Bilateral teleoperation with continuously variable scaling and PD force control

This paper investigates the bilateral teleoperation with the possibility of continuously variable scaling during real-time operation. The algorithm proposed for this purpose provides the operator with the ability to change the scaling gains of force and velocity loops during operation. The controllers are derived to enforce exponentially decaying error dynamics on systems which have inner loop disturbance compensation. The proposed architecture assumes the scale factors as continuous functions of time which have continuous derivatives that are also included in the mathematical derivation. Unlike the existing studies, the presented framework allows real-time adaptation of scaling gains, which provides the user with the ability to conduct coarse and fine motion in the same operation. The Lyapunov stability proof of the proposed method is made and the margins of the controller gains are identified for practical operation. Furthermore, the operational accuracy is enhanced by the application of a PD force control loop which is also new for scaled bilateral teleoperation. The realization of PD loop is made using an alpha-beta-gamma filter to differentiate the force signal.
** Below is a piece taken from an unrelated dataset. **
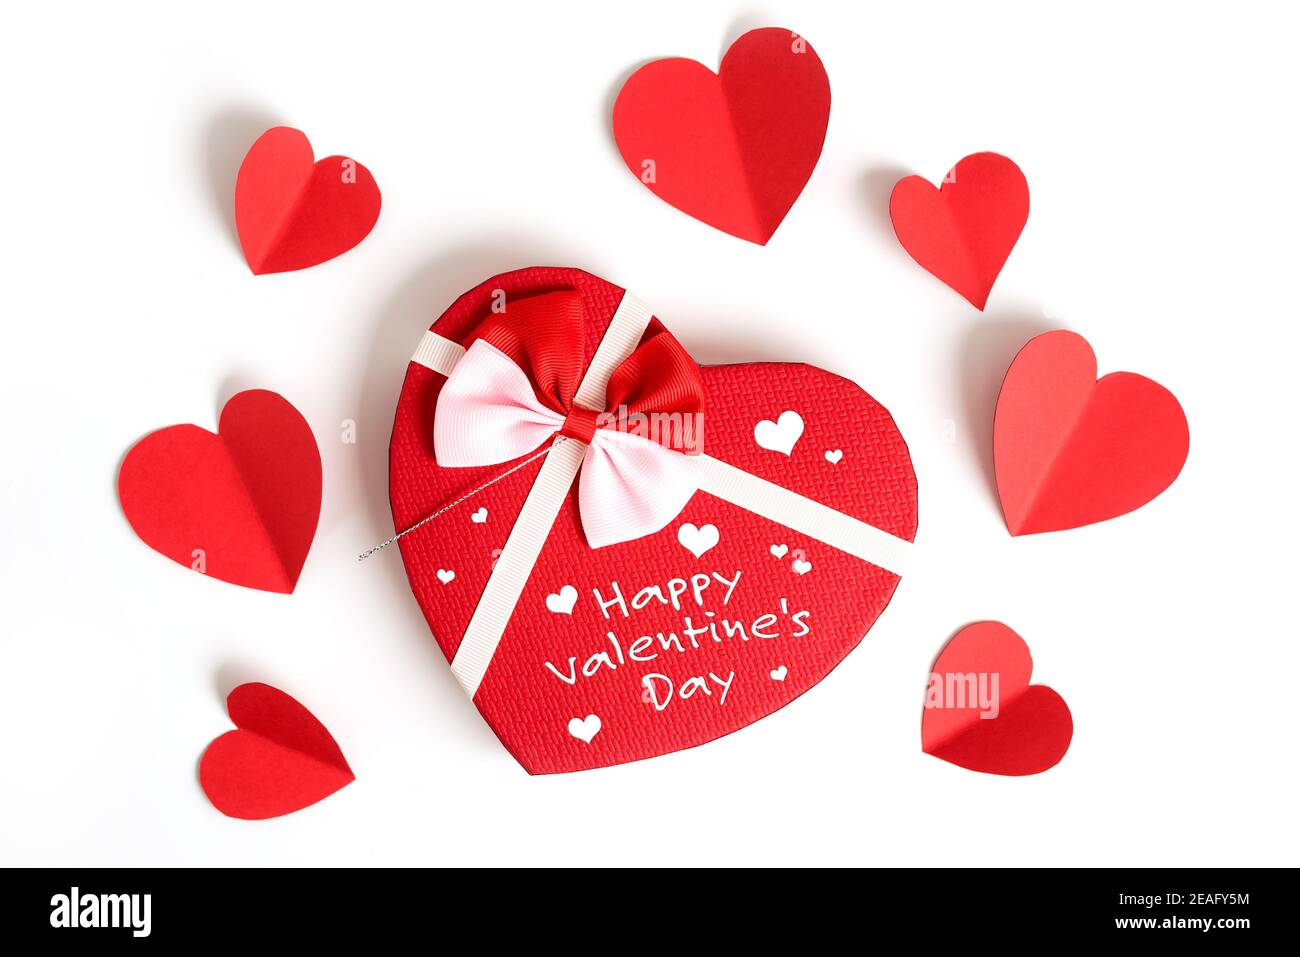 Bonne Saint Valentin, fond de jour de la Saint Valentin avec note écrite, boîte cadeau en forme de coeur avec ruban et petit coeur de papier, sur fond blanc, saint-valentin Banque D'Images

The algorithm is validated on a setup consisted of two single DOF motion control systems. In order to provide a complete analysis, a wide range of experiments are made, velocity and force scales having sinusoidal patterns with different amplitudes and frequencies. Moreover, comparison with a classical bilateral control architecture is made to highlight the flexibility of the proposed control method. The efficacy of the proposed approach is solidified by the successful tracking responses obtained from these experiments.